A Study on Hyperparameter Tuning of Twin Support Vector Regression Based on Bayesian Optimization
DOI:
https://doi.org/10.54097/8p56d128Keywords:
Twin Support Vector Regression, Bayesian Optimization, Hyperparameter Tuning, Regression.Abstract
This study addresses the challenge of optimizing the predictive performance of Twin Support Vector Regression (TSVR) models on complex datasets by employing Bayesian Optimization (BO) for automatic hyperparameter tuning. As an enhanced variant of Support Vector Regression (SVR), TSVR achieves significantly greater computational efficiency by solving two smaller-scale quadratic programming problems. Within the Bayesian optimization framework, the construction of a posterior probability model enables efficient exploration of the hyperparameter space, thereby overcoming the inefficiency limitations of traditional methods.
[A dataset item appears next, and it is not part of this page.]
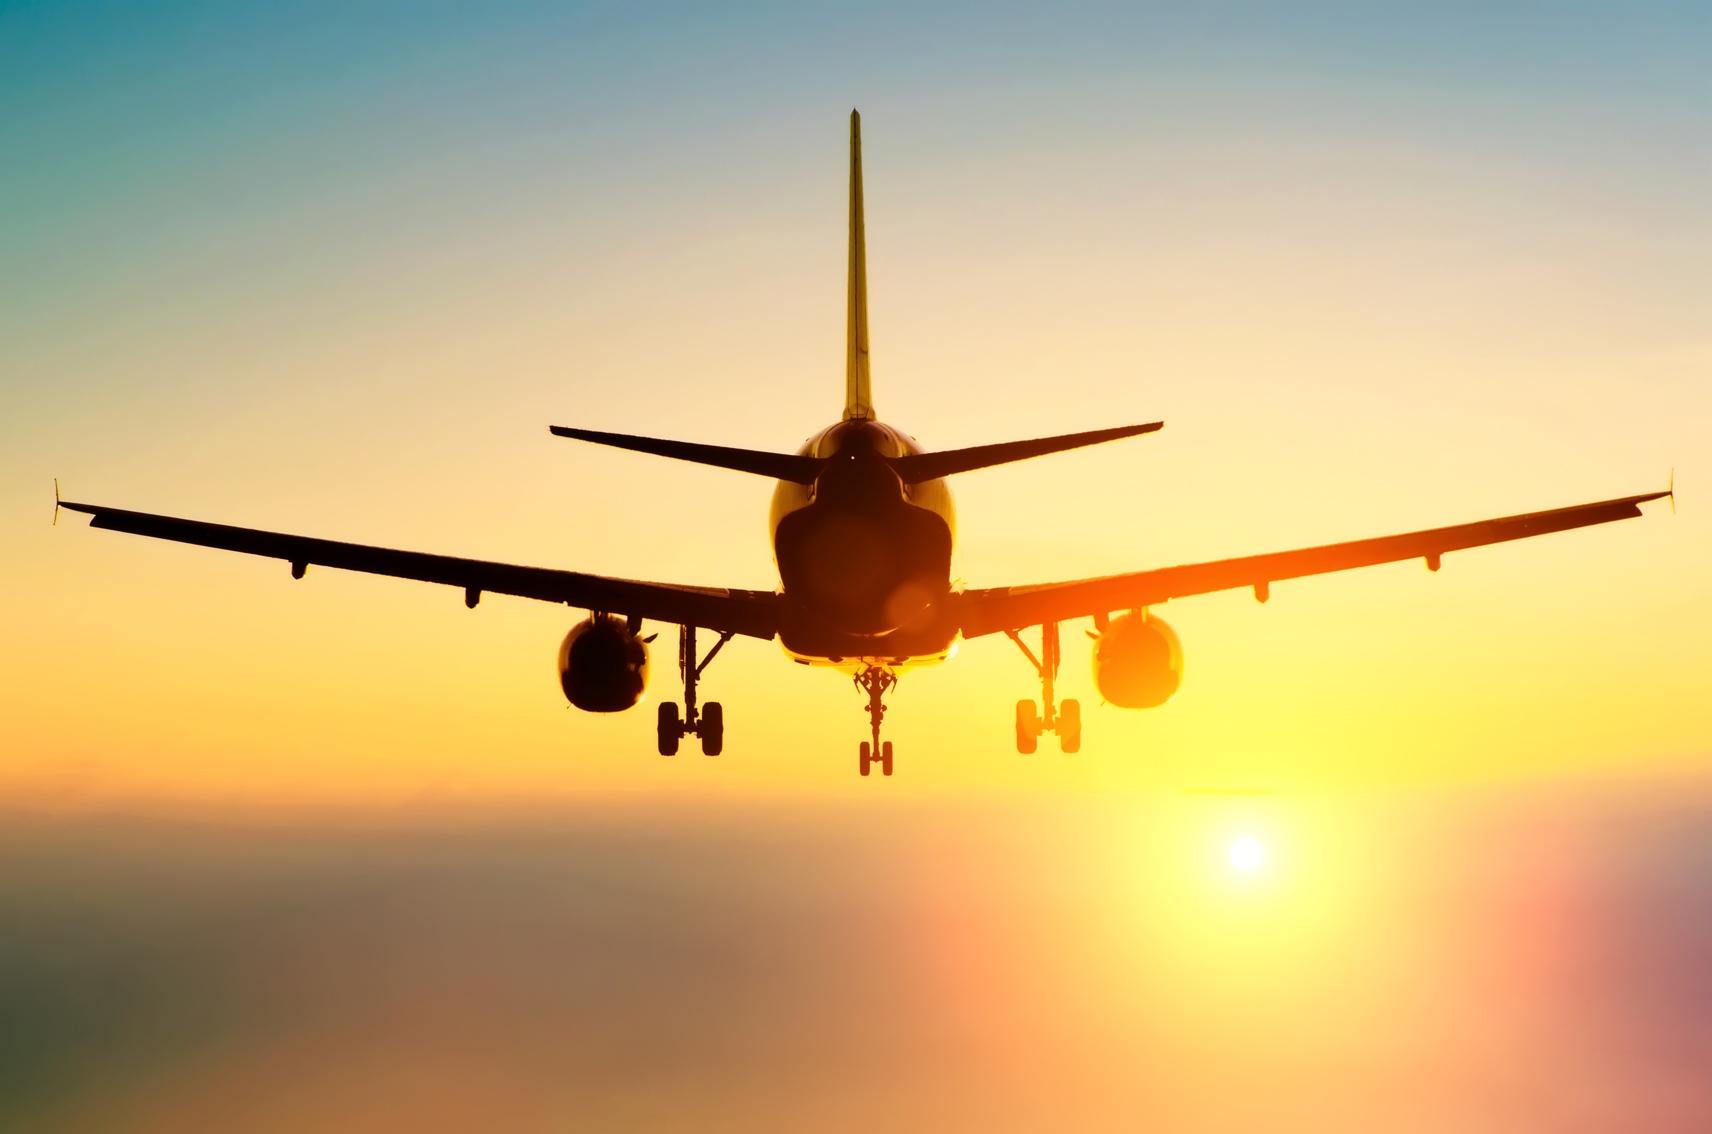 Airline Stocks, Airport, Air Travel Stocks, Travel Stocks

Experimental validation demonstrates that the BO-optimized TSVR model achieves significant reductions in Mean Squared Error (MSE) across multiple synthetic datasets, while simultaneously exhibiting superior predictive accuracy and generalization capability. The significance of this research lies not only in its improvement of TSVR model performance but also in its provision of a novel approach for hyperparameter optimization in machine learning, possessing substantial theoretical and practical merit.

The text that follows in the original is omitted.